Debt & Financing – risks related to debt, funding, financing and interest rates, financial investments.
Corporate Activity and Growth – risks related to restructuring, M&As, joint ventures, execution of corporate strategy, strategic alliances.
2. Legal & Regulatory
Litigation and Legal Liabilities – risks related to litigation/ lawsuits against the company.
Regulation – risks related to compliance, GDPR, and new legislation.
Environmental / Social – risks related to environmental regulation and to data privacy.
Taxation & Government Incentives – risks related to taxation and changes in government incentives.
3. Production
Costs – risks related to costs of production including commodity prices, future contracts, inventory.
Supply Chain – risks related to the company’s suppliers.
Manufacturing – risks related to the company’s manufacturing process including product quality and product recalls.
Human Capital – risks related to recruitment, training and retention of key employees, employee relationships & unions labor disputes, pension, and post retirement benefits, medical, health and welfare benefits, employee misconduct, employee litigation.
4. Technology & Innovation
Innovation / R&D – risks related to innovation and new product development.
Technology – risks related to the company’s reliance on technology.
Cyber Security – risks related to securing the company’s digital assets and from cyber attacks.

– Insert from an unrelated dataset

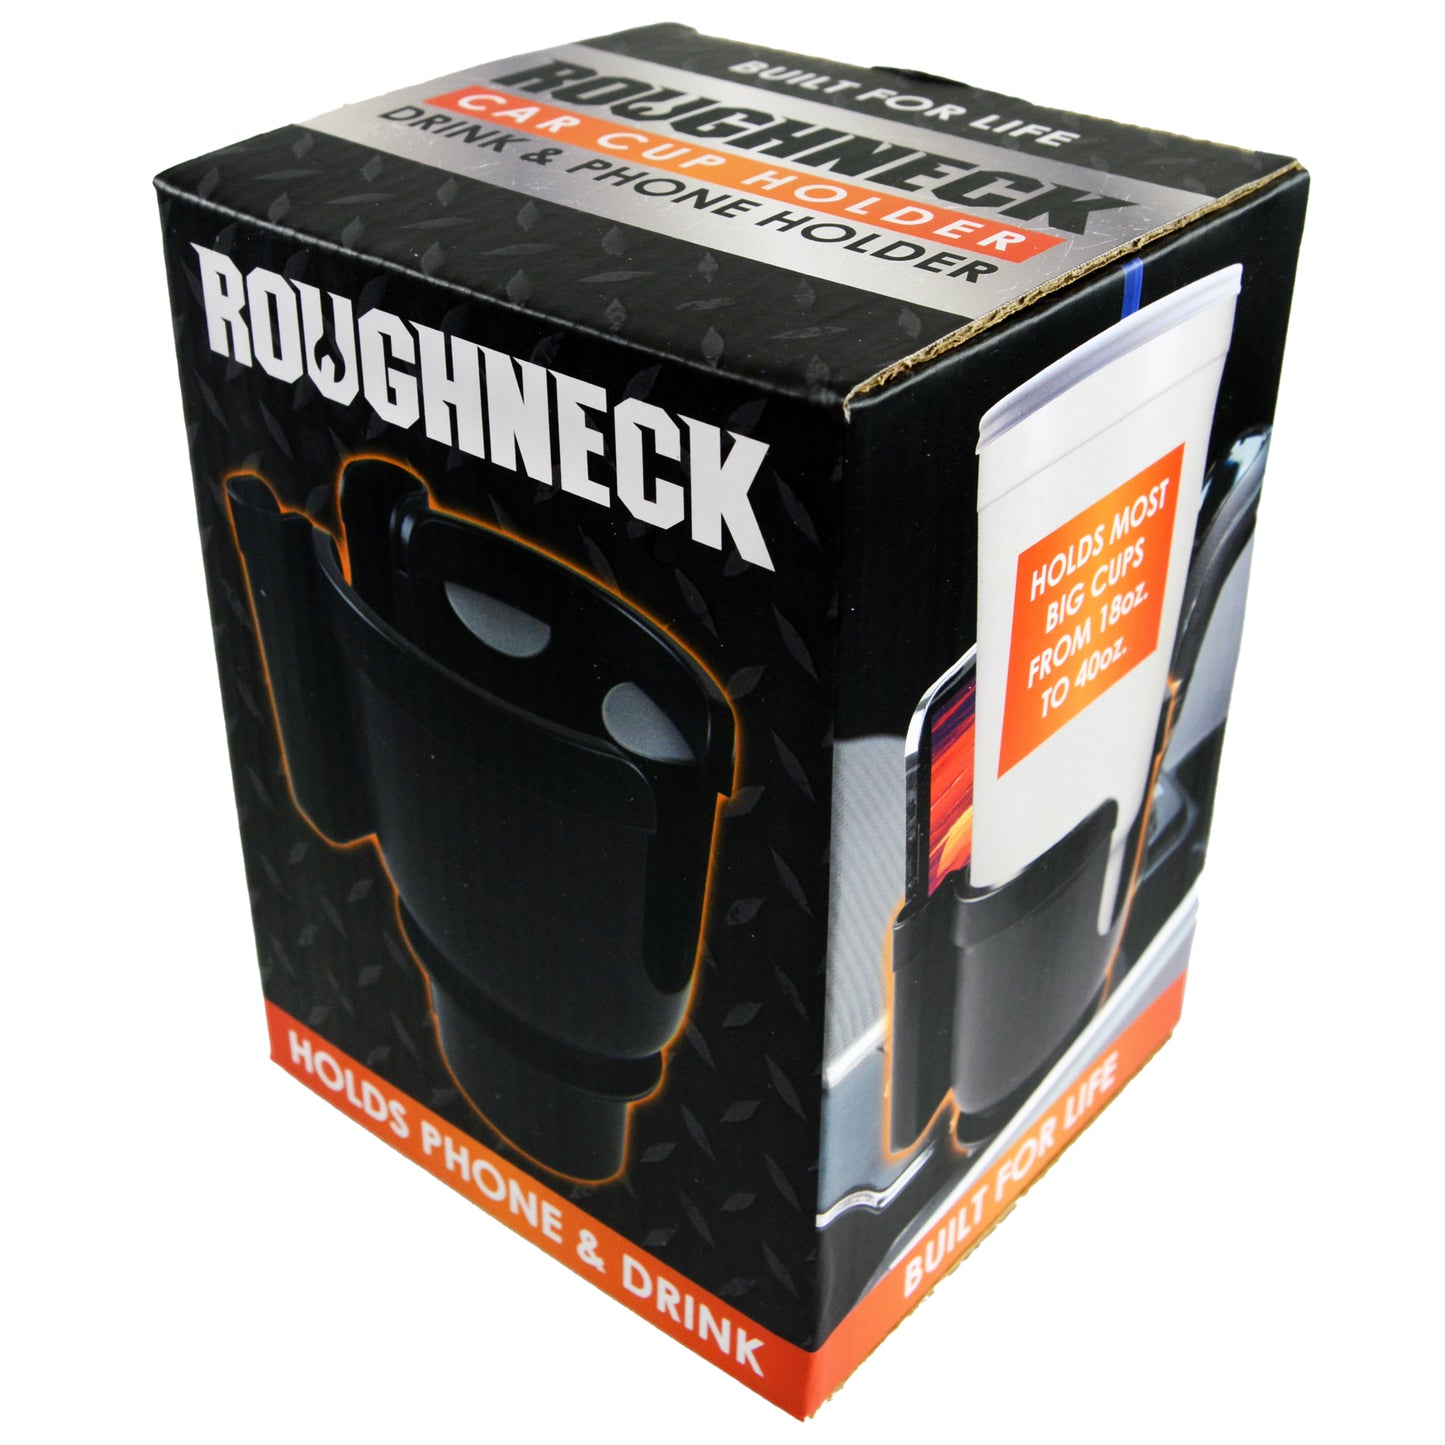 ITEM NUMBER 023063 ROUGHNECK CUP CELL PHONE HOLDER 6 PIECES PER DISPLAY

Trade Secrets & Patents – risks related to the company’s ability to protect its intellectual property and to infringement claims against the company as well as piracy and unlicensed copying.
5. Ability to Sell
Demand – risks related to the demand of the company’s goods and services including seasonality, reliance on key customers.
Competition – risks related to the company’s competition including substitutes.
Sales & Marketing – risks related to sales, marketing, and distribution channels, pricing, and market penetration.
Brand & Reputation – risks related to the company’s brand and reputation.
6. Macro & Political
Economy & Political Environment – risks related to changes in economic and political conditions.
Natural and Human Disruptions – risks related to catastrophes, floods, storms, terror, earthquakes, coronavirus pandemic/COVID-19.
International Operations – risks related to the global nature of the company.
Capital Markets – risks related to exchange rates and trade, cryptocurrency.